After obtaining informed consent, the subjects (mean age, 67 years; range, 45–85 years) had a screening ophthalmic examination and then began a washout period of 3 to 28 days of all previous ocular antihypertensive medications. The washout period was 3 days (±1 day) if the subject was not taking ocular antihypertensive medications; 5 days (±1 day) for miotics and carbonic anhydrase inhibitors (eg, Azopt, Trusopt, and Pilocarpine); 14 days (±1 day) for alpha and alpha/beta agonists (eg, Iopidine, Alphagan, and Propine); and 28 days (±1 day) for prostaglandins, beta-antagonists, and combination drugs (eg, Xalatan, Timolol, and Cosopt).

After the washout period, the subjects were required to have a baseline IOP ≤22 mm Hg at 8 am and central corneal thickness ≤600 μm for inclusion in the study. Subjects were excluded if they had a history of dry eyes, corneal edema, uveitis or biomicroscopic evidence of punctate keratitis, corneal inflammation, or evidence of endothelial disease (eg, Fuchs dystrophy, guttae, pigment on the endothelium, Krukenberg spindle).

Procedures and Measurements

Eight days before commencing treatment in each study period, all subjects were admitted to the clinical research unit (West Coast Clinical Trials, Cypress, CA) and confined for 24 hours to assess baseline IOP and blood pressure every 2 hours (except at 2 am). After the 24-hour assessment in period 1, subjects were randomly assigned to 1 of the 2 treatment sequences. In the first sequence, subjects received topical ocular taprenepag 0.01% plus 0.005% latanoprost (hereafter referred to as combination therapy) in the first period and taprenepag (0.01%) plus latanoprost vehicle (hereafter referred to as monotherapy) in the second period. In the second sequence, subjects received monotherapy in the first period and combination therapy in the second period. A schematic of the study design is shown in Figure 1.

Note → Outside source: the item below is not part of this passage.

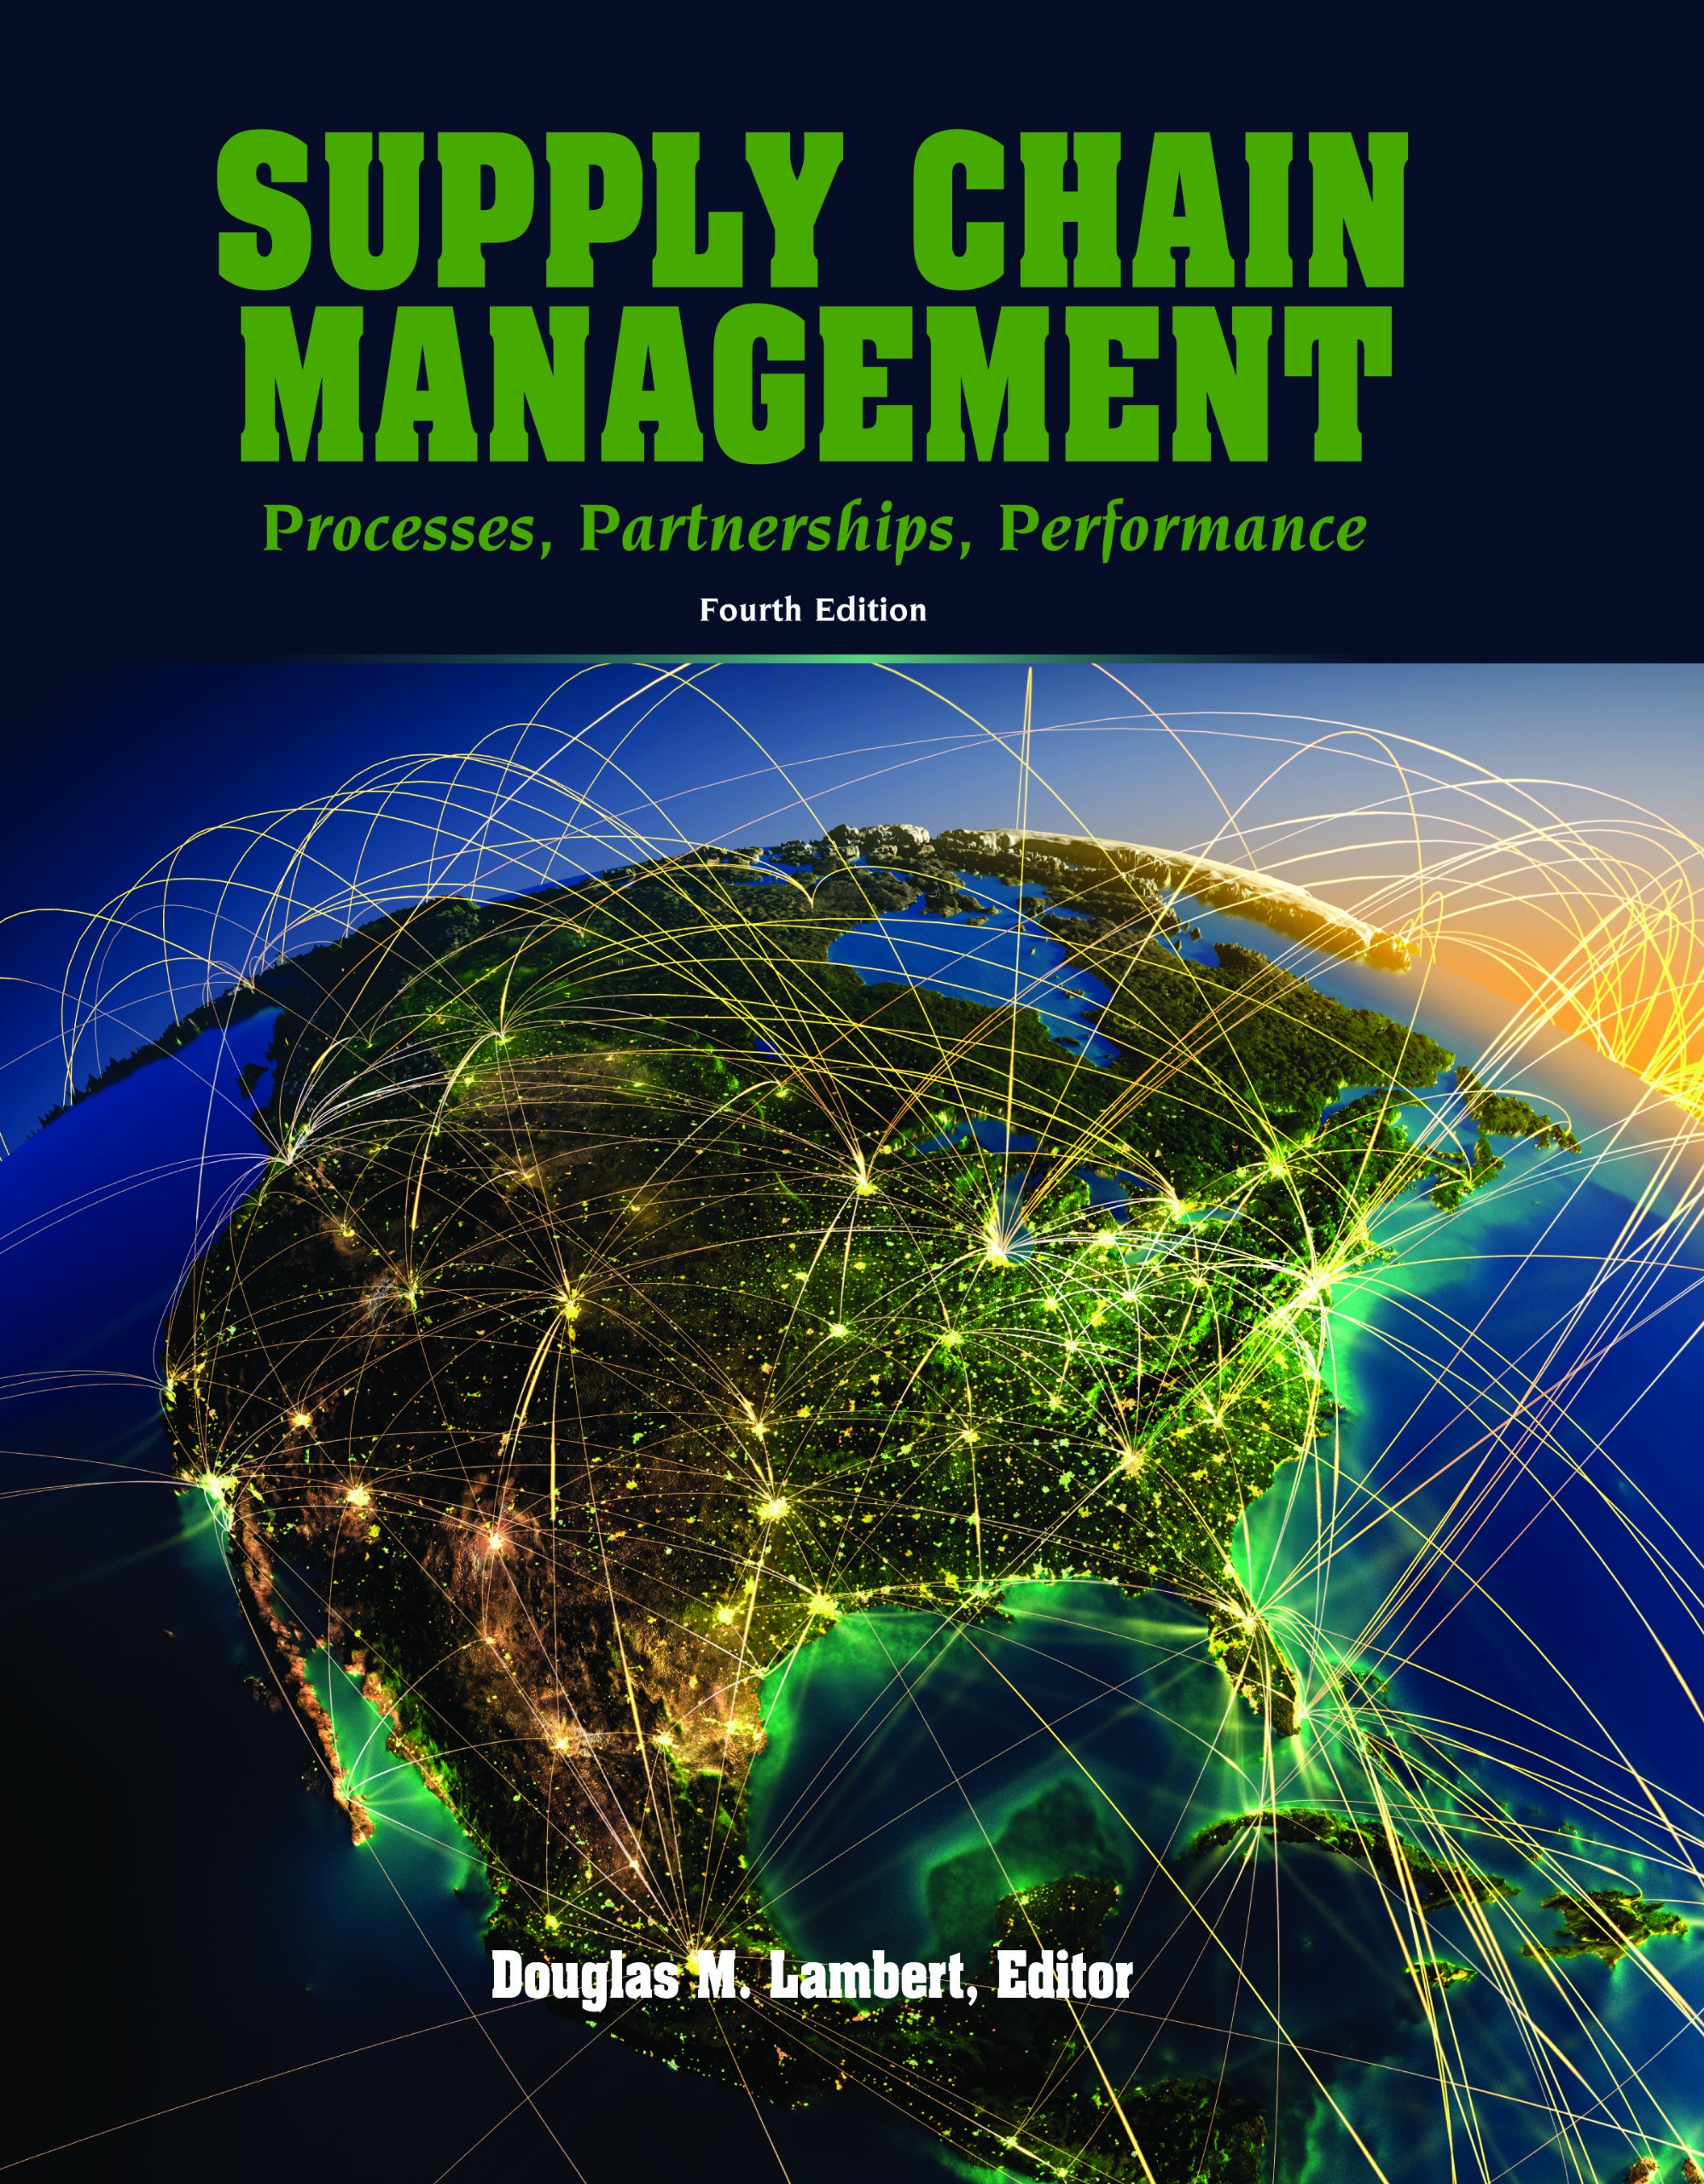 Supply Chain Management: Processes, Partnerships, Performance

Schematic of the crossover study. Subjects were evaluated on days 16, 21, 28, and 35 after 14 days of treatment in each period.

Subjects started treatment 7 days after the 24-hour baseline assessment (day 1) to permit corneal recovery from repeated tonometry. On day 1, after an ophthalmic examination, the subjects of both treatment sequences began once-daily dosing of study drugs at 8 am for 14 days. Subjects self-administered 1 drop of latanoprost or vehicle to each eye followed by 1 drop of taprenepag 5 minutes later.

Complete ophthalmic examinations that included best-corrected visual acuity, manifest refraction, slit-lamp biomicroscopy, ophthalmoscopy, and applanation tonometry were performed: at screening and during both periods on days 1, 7, 13, 16, 21, 28, and 35. In addition, the following serial tests were performed.

Corneal Staining

Corneal staining was performed at screening and on days 1, 7, 13, 16, 21, 28, and 35 immediately after slit-lamp biomicroscopy and before confocal microscopy, IOP determination, and pachymetry. Using a micropipette, 5 μL of 2.0% nonpreserved sodium fluorescein was applied to the lower conjunctival sac of each eye. Immediately after instilling fluorescein, the subject was instructed to blink naturally, without squeezing, several times to distribute the fluorescein. Two minutes after fluorescein instillation, areas of corneal staining were recorded according to the standardized National Eye Institute scoring system of 0 to 3 for each of 5 areas of the cornea.⁹

Pachymetry

Pachymetry was performed on all subjects using an ultrasonic pachymeter (Pachmate 55; DGH Technologies, Inc, Exton, PA) on the same visits during which corneal staining was assessed. An average of 25 measurements of the central cornea was performed, with the subjects in the sitting position and fixating on a target straight ahead.

Confocal Microscopy

Corneal confocal microscopy was performed on days 1, 13, and 35 before IOP determination and pachymetry. After placement of a drop of the topical anesthetic proparacaine, a drop of Genteal gel (Novartis) was placed on the central cornea. A z-ring was not used to avoid disturbing the corneal epithelium. The objective of the confocal microscope (ConfoScan 4; Nidek Technologies, Srl, Padova, Italy) was placed in contact with the gel. Three separate scans of the entire central cornea from the endothelium to the epithelium in 5-μm steps were obtained from each eye. The images were electronically stored and sent to the Case Cornea Image Analysis Reading Center (Cleveland, OH) for masked evaluation.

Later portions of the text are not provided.